Machine Learning

Machine Learning

Machine learning (ML) enables systems to learn from data without being explicitly programmed. It is the driving force behind modern AI applications from recommendation systems to autonomous vehicles.

Types of Learning

Supervised learning: learns from labelled examples (input-output pairs). Unsupervised learning: discovers patterns in unlabelled data. Reinforcement learning: learns through trial and error with rewards/penalties. Semi-supervised and self-supervised learning use partially labelled data.

Supervised Learning Algorithms

Linear regression: predicts continuous values. Logistic regression: binary classification. Decision trees: tree-structured decisions. Random forests: ensemble of trees. SVM (Support Vector Machines): finds optimal separating hyperplane. k-NN: classifies based on nearest neighbours.

Unsupervised Learning

K-means clustering: partitions data into k groups. Hierarchical clustering: builds tree of clusters. PCA (Principal Component Analysis): dimensionality reduction. Association rules: finds item relationships (market basket analysis). Unsupervised learning discovers hidden structure.

Model Evaluation

Training/test split and cross-validation assess generalisation.

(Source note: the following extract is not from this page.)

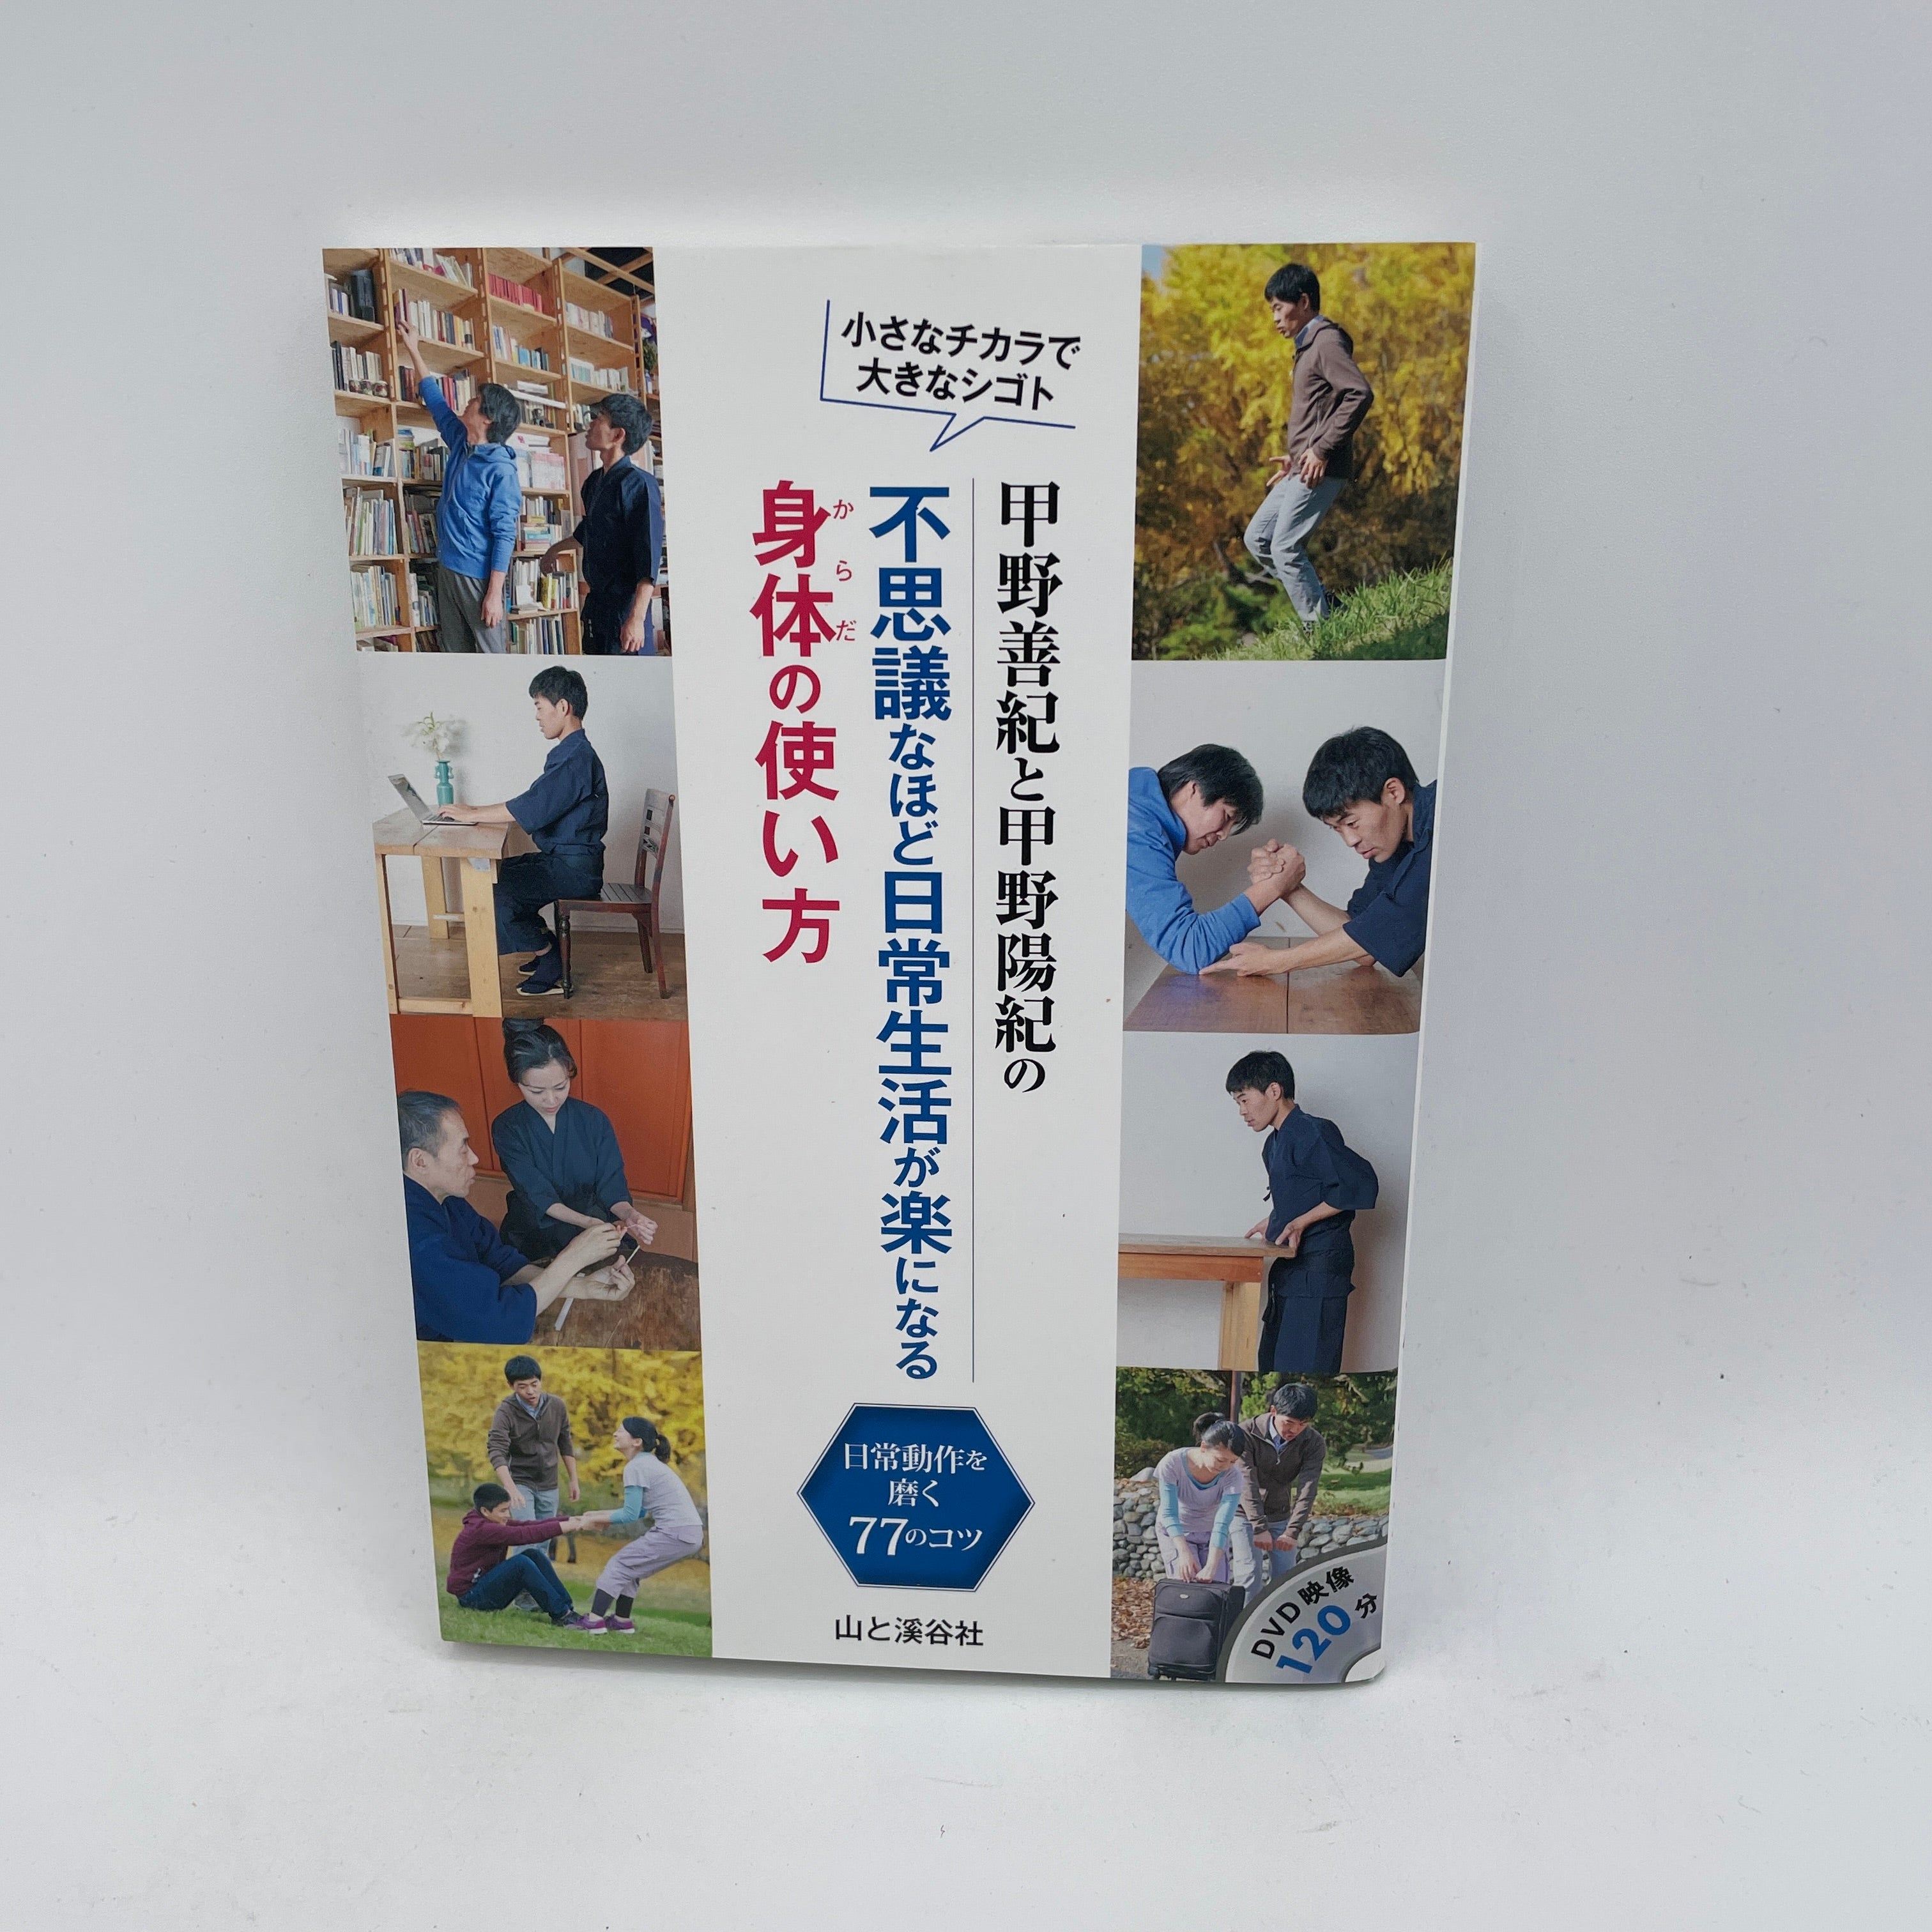 How to Use Your Body in Daily Life Book u0026 DVD by Yoshinori u0026 Yoki Kono –  Budovideos Inc

Metrics: accuracy, precision, recall, F1-score (classification); MSE, R-squared (regression). Confusion matrix shows true/false positives and negatives. Overfitting (memorising data) vs underfitting (too simple).

Reinforcement Learning

An agent interacts with an environment, taking actions to maximise cumulative reward. Q-learning learns action values. Deep RL uses neural networks for complex environments. Applications: game playing (AlphaGo), robotics, resource management.

ML Pipeline

Steps: problem definition, data collection, data cleaning and preprocessing, feature engineering, model selection, training, evaluation, hyperparameter tuning, deployment, and monitoring. Tools: scikit-learn, TensorFlow, PyTorch, Jupyter notebooks.

Summary

Machine learning enables data-driven intelligence. Understanding learning types, algorithms, evaluation metrics, and the ML pipeline is essential for applying AI to real-world problems.